The paper coalesces around the idea of the dependence plot (d-plot), an ensemble of nine graphs that encapsulates both the scatter plot and marginal distributions, together with visualizations that focus solely on aspects of dependence. The former are useful for detecting clusters, outliers, and examining the specific data values, among other tasks. Regarding the latter, rank plots provide a faithful description of the dependence between the variables, while Spearman’s concordance and Schweizer–Wolff’s dependence are appropriate association summaries, since they depend exclusively on the copula. In addition, the visualizations related to diagonal sections of the copula can help users decompose complex dependence patterns into simpler quadrant-dependent scenarios by conditioning on one variable. This idea is related to gluing copulas (i.e., describing the dependence through several copulas). Although we have addressed the gluing of two copulas, extending this concept to multiple copulas and/or conditioning in both variables is straightforward.
The ideas put forward in the paper can be useful for using or developing other visualization techniques in which it may be appropriate to visualize the dependency between two continuous random variables. For example, the theory clearly advocates for replacing data values with ranks (note that it would be straightforward to incorporate ranks in methods like parallel coordinates [
50], table lens [
51], and many others).
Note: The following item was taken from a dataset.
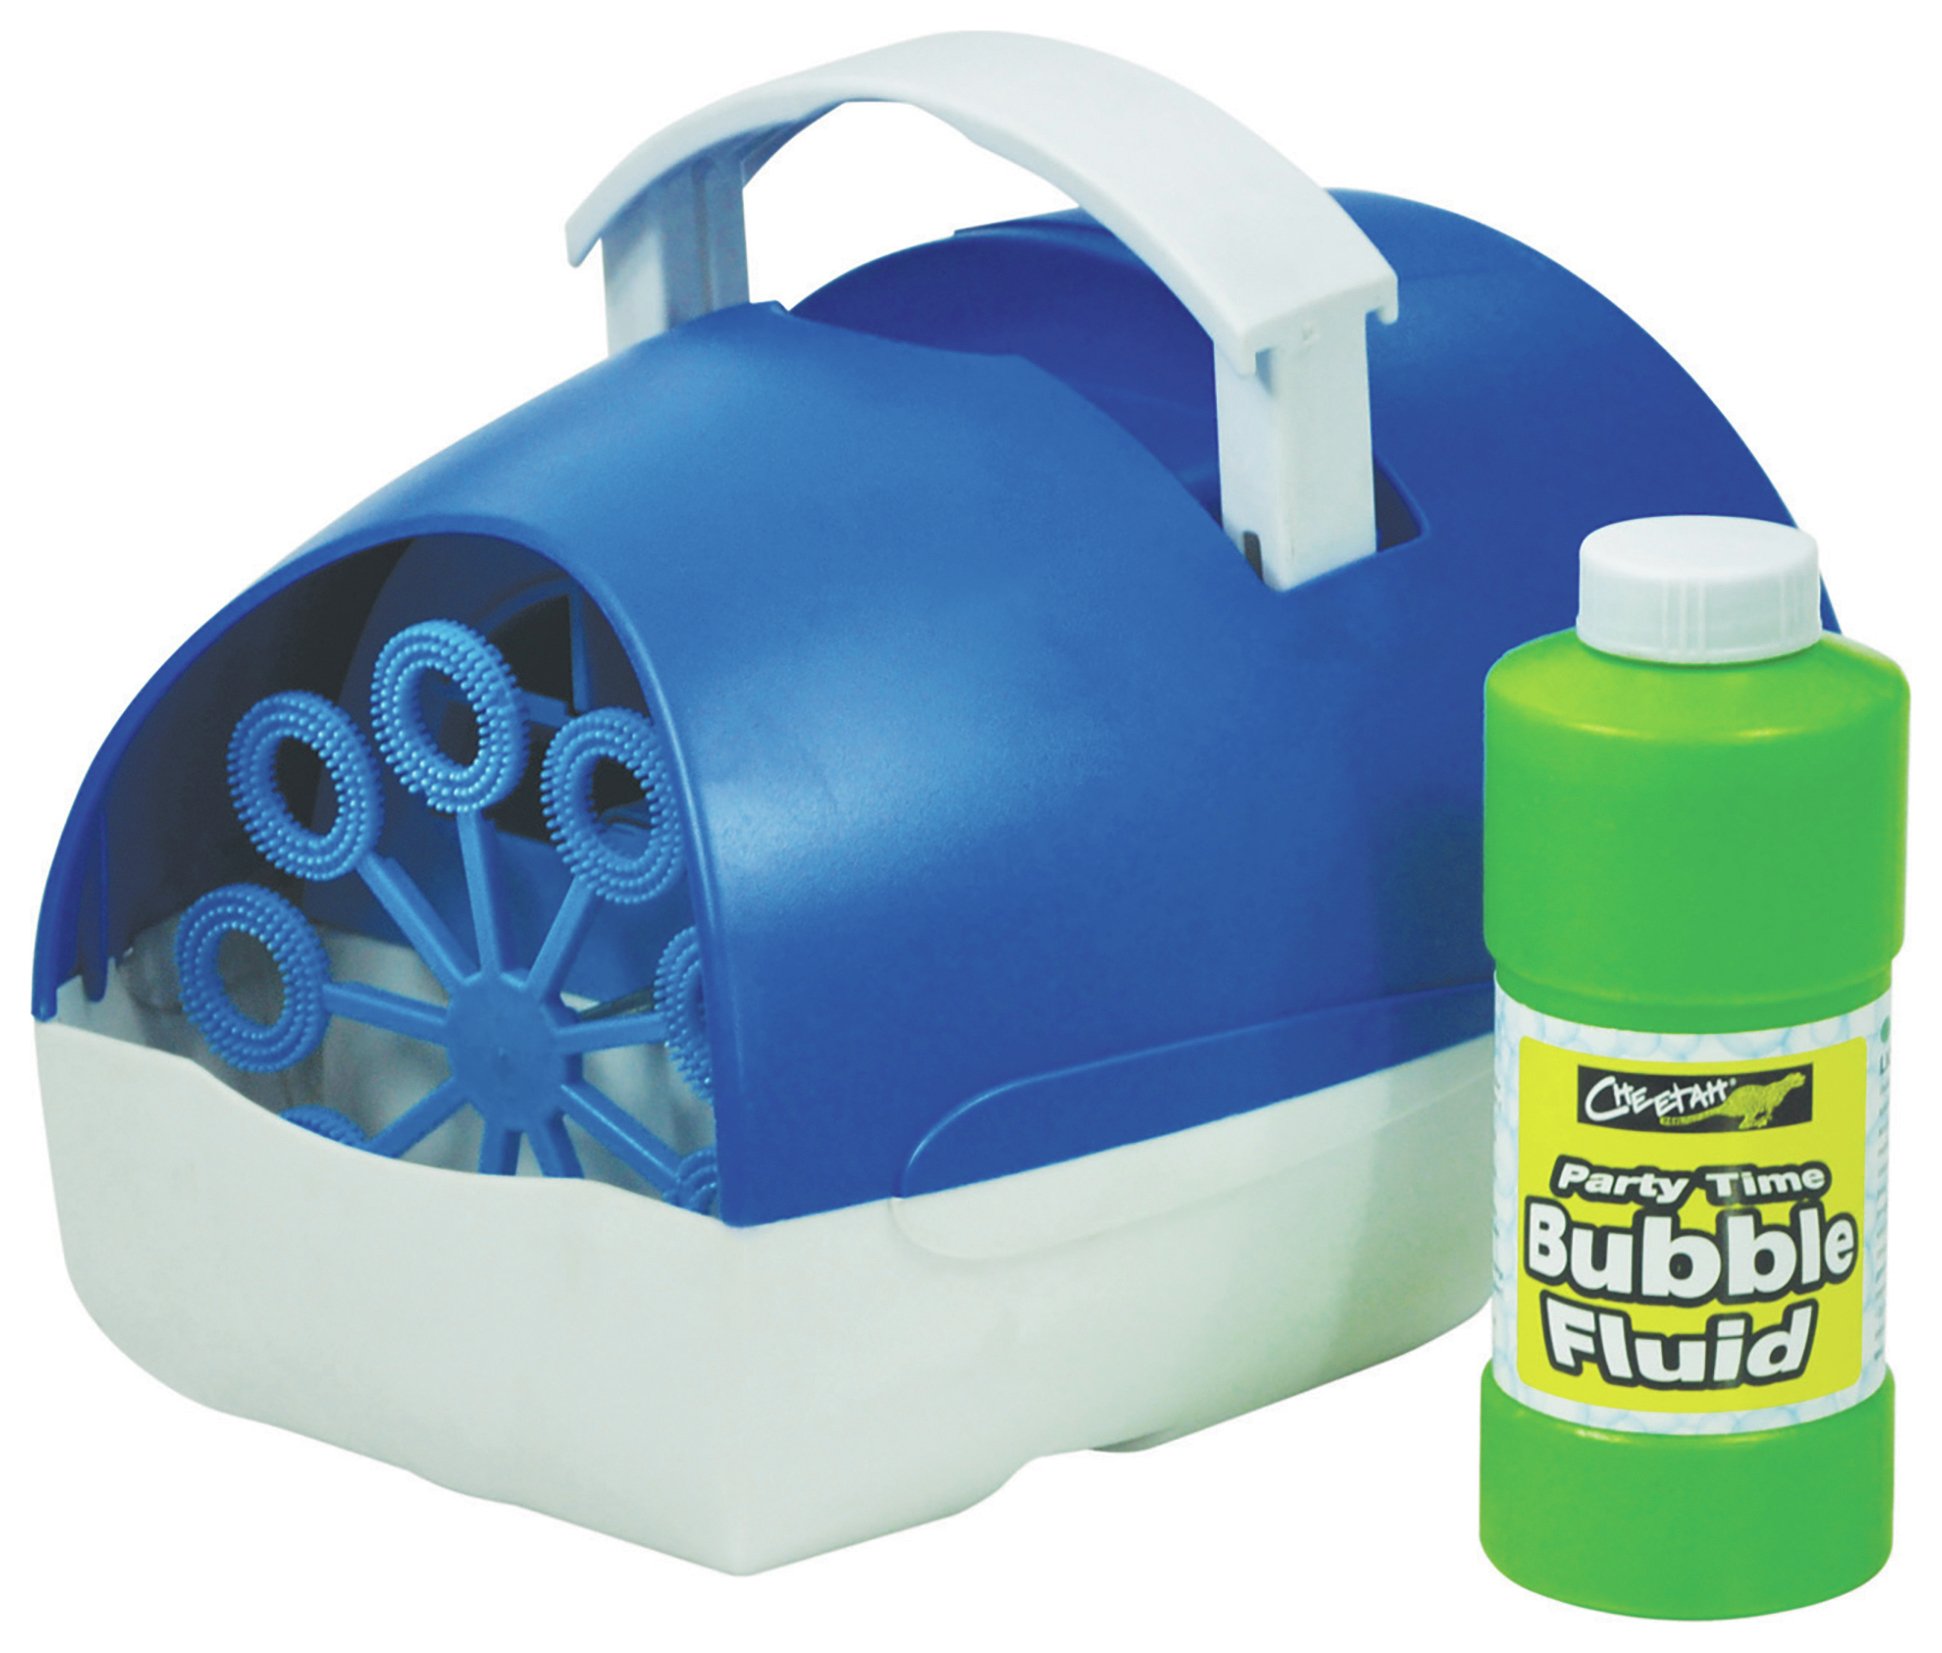 Cheetah Party Time Battery Operated Bubble Machine review

Naturally, researchers should also consider replacing or complementing Pearson’s correlation with Spearman’s rank correlation or Schweizer–Wolff’s dependence in their visualizations.
The general approach of this paper is non-parametric, as no model assumptions are made regarding the bivariate data under analysis. Nevertheless, the guidelines provided in
Table 1 for interpreting rank plots are useful in making decisions about fitting specific parametric families of copulas. For instance, if it is evident from the data that negative quadrant dependence (NQD) is present, then only parametric families of copulas accommodating NQD should be considered for goodness-of-fit testing. Similarly, if the rank plot of the data resembles, for example, case R8, the data should first be divided using the gluing copula technique. Subsequently, we may try fitting a parametric family of copulas with NQD to one subset and a parametric family with positive quadrant dependence (PQD) to the other subset.
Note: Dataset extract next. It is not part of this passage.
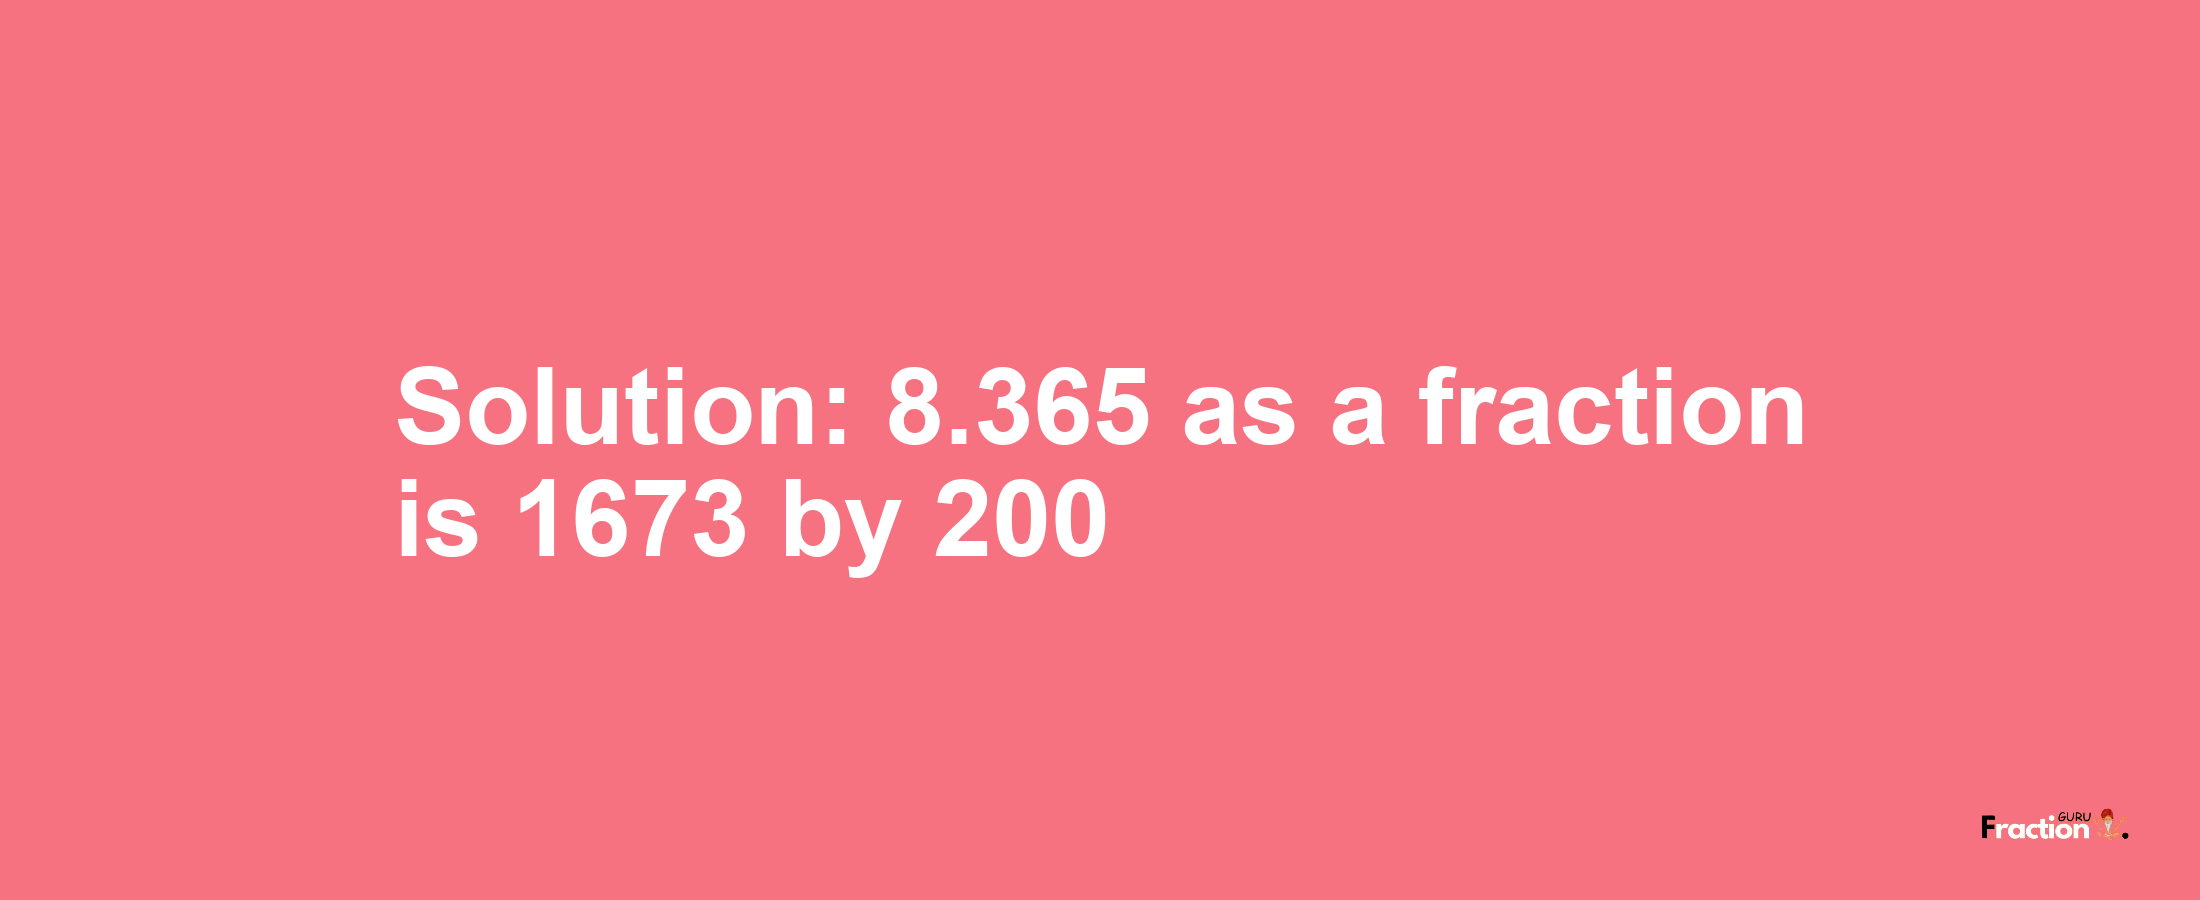 Solution:8.365 as a fraction is 1673/200

The current formulation of d-plots is designed for continuous variables due to the reliance on rank-based transformations and copula theory. However, extending this framework to ordinal or mixed-type data is a natural next step; see, for example, [
52,
53]. In such cases,
subcopulas and discrete-specific dependence measures may be employed (e.g., as discussed in [
54]. Adapting rank plots to handle tied data and incorporating appropriate estimation techniques remains an open and promising research direction.
Finally, we also envision carrying out perceptual studies of Spearman’s rank correlation and Schweizer–Wolff’s dependence measure on rank plots, given their superiority over Pearson’s correlation and scatter plots for assessing dependence.